What was thought by many practitioners and many in the news media to be one of the most significantly restrictive Supreme Court decisions on class actions in recent memory, Wal-Mart Stores, Inc. v. Dukes,[1] may not be so formidable for plaintiffs seeking redress through the class action process.
A limited application of Wal-Mart appears to be a particularly good possibility for those individuals filing in the Mid-Atlantic region covered by the United States Court of Appeals for the Fourth Circuit because of its ruling this week in Scott v. Family Dollar Stores, Inc.[2] Scott involves fifty-one (51) female managers or former managers at Family Dollar who are claiming sex discrimination.

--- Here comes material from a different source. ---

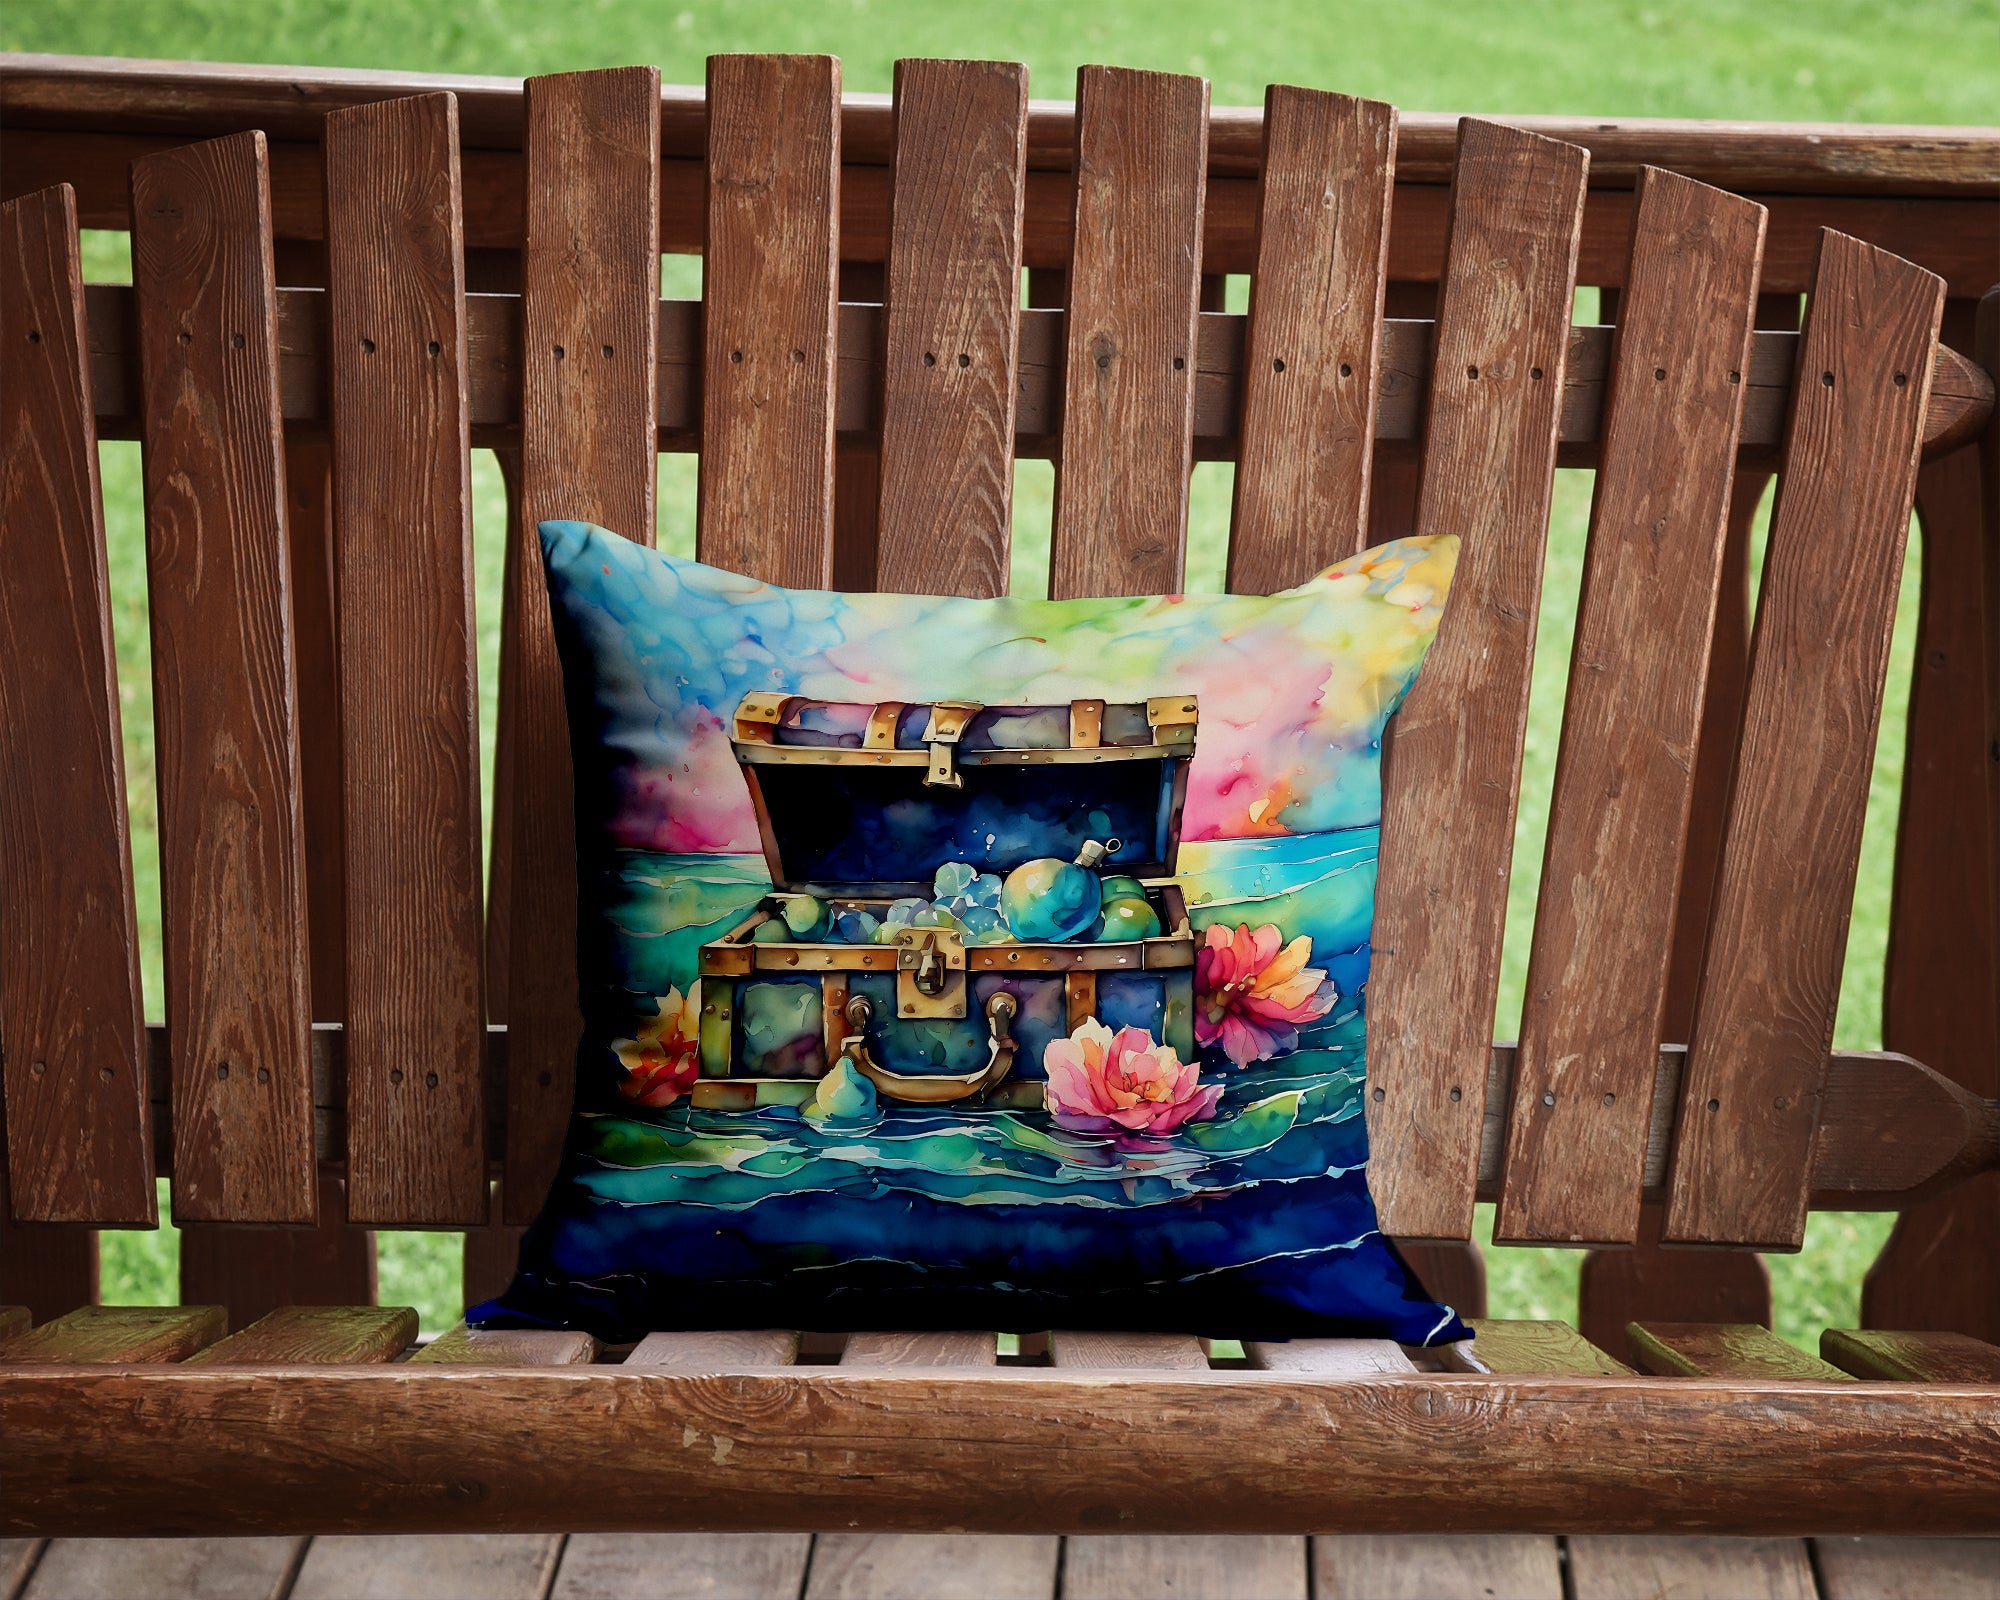 Buy this Treasure Chest Throw Pillow

Like Scott, the Supreme Court’s 2011 Wal-Mart decision concerned the commonality requirement under Rule 23 for class actions and whether it could be satisfied in a sex discrimination case under Title VII. In Wal-Mart, 1.5 million current and former female employees of Wal-Mart claimed that Wal-Mart’s policy of providing local managers with subjective decision making authority over pay and promotions caused an illegal, disparate impact on its female employees. The plaintiffs also alleged that Wal-Mart’s failure to stop this subjective, discretionary authority was illegal on a class-wide basis. The Supreme Court rejected the plaintiffs’ claims that a class was present in Wal-Mart.
Many felt that Wal-Mart sounded the death knell for not only employment class actions but also consumer, antitrust, and any other type of class actions where a defendant or its agents made subjective decisions. That, in fact, was the position of the District Court in Scott in dismissing the plaintiffs’ case and refusing to allow them to amend their complaint. The district court held that “[t]he Supreme Court made clear in Dukes that, as a matter of law, plaintiffs . . . cannot satisfy the Rule 23(a) commonality requirement . . . as a result of subjective decisions made at the local store levels.” Scott v. Family Dollar Stores, Inc.[3]

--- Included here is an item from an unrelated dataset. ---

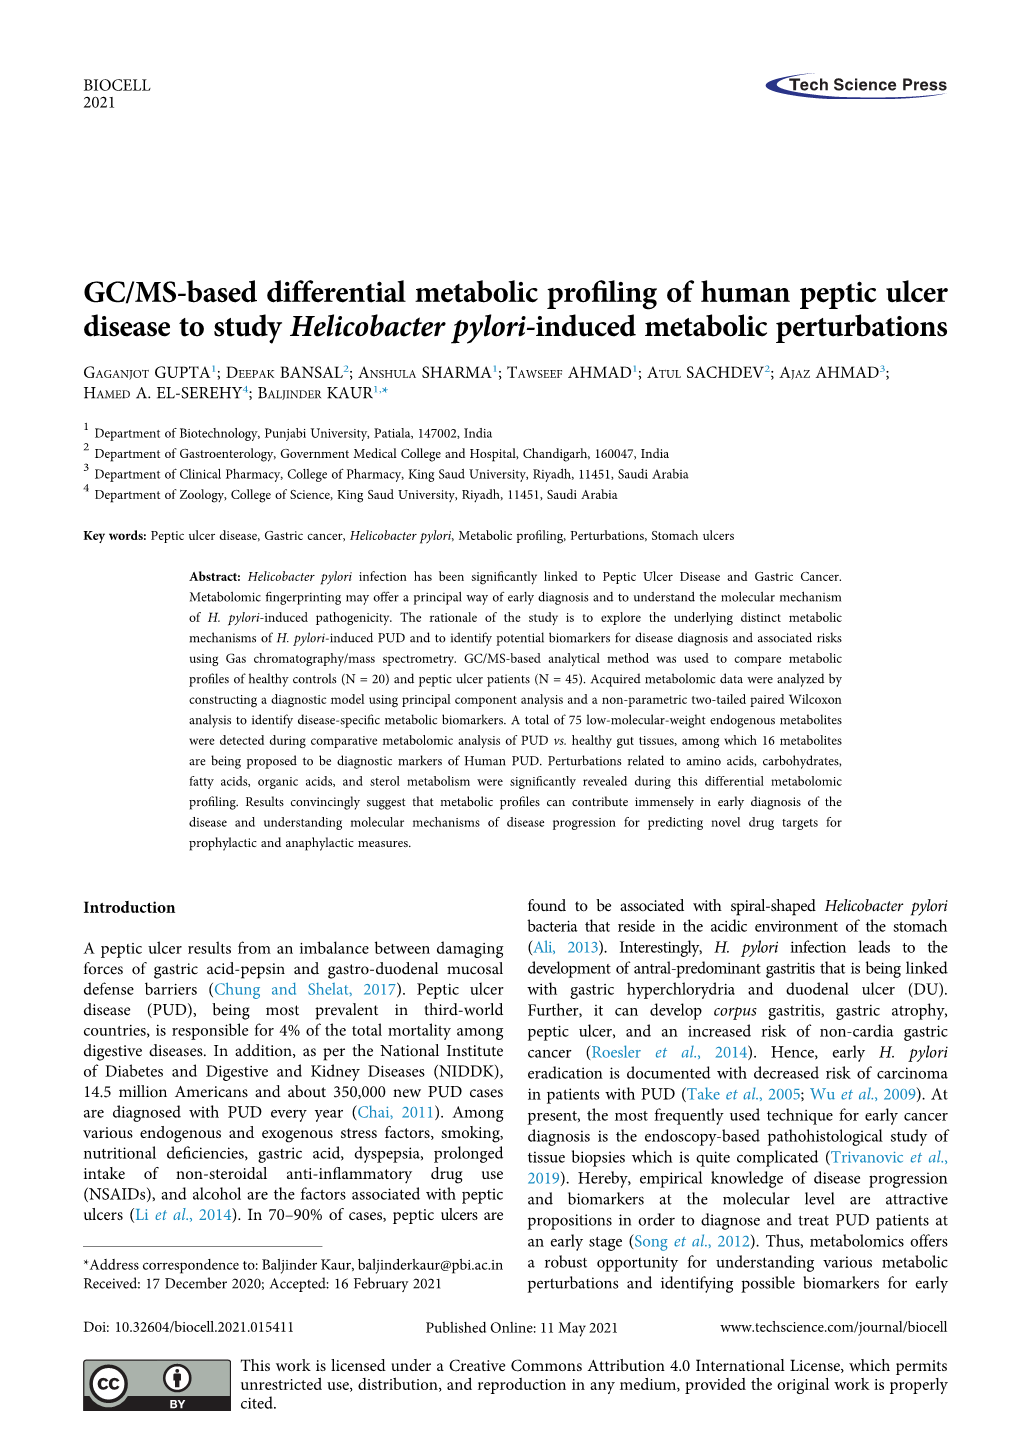 GC/MS-Based Differential Metabolic Profiling of Human Peptic Ulcer Disease to Study Helicobacter Pylori-Induced Metabolic Pertur

In Scott, the Fourth Circuit explicitly rejected this argument and held “Wal-Mart did not set out a per se rule against class certification where subjective decision-making or discretion is alleged.” The Fourth Circuit found that the district court was “clearly erroneous” by not allowing the complaint to be amended and then analyzed under Rule 23. The Fourth Circuit went further and noted that “Wal-Mart is limited to the exercise of discretion by lower-level employees, as opposed to upper-level, top-management personnel,” meaning that subjective decisions by upper-level management could be the basis for a class if tied to a company policy.[4] “Thus, to satisfy commonality, a plaintiff must demonstrate that the exercise of discretion is tied to a specific employment practice, and that the ‘subjective practice at issue affected the class in a uniform manner.’”[5] “To expound,” the Fourth Circuit pointed to, among other examples, Family Dollar’s “salary range policy [that] sets mandatory minimum and maximum pay for Store Managers,” but provides “exceptions above the range–granted by the corporate Vice Presidents– [that] are often granted more in favor of men[,]” such that, if the plaintiffs could show this to be true, the commonality requirement could be satisfied.[6]
What this means going forward, at least in the Mid-Atlantic region, is that when “discretionary decisions . . . are made by high-level corporate decision-makers with authority over a broad segment of [a defendant]’s employees,” Wal-Mart is likely not applicable and a class action has the possibility of going forward.[7]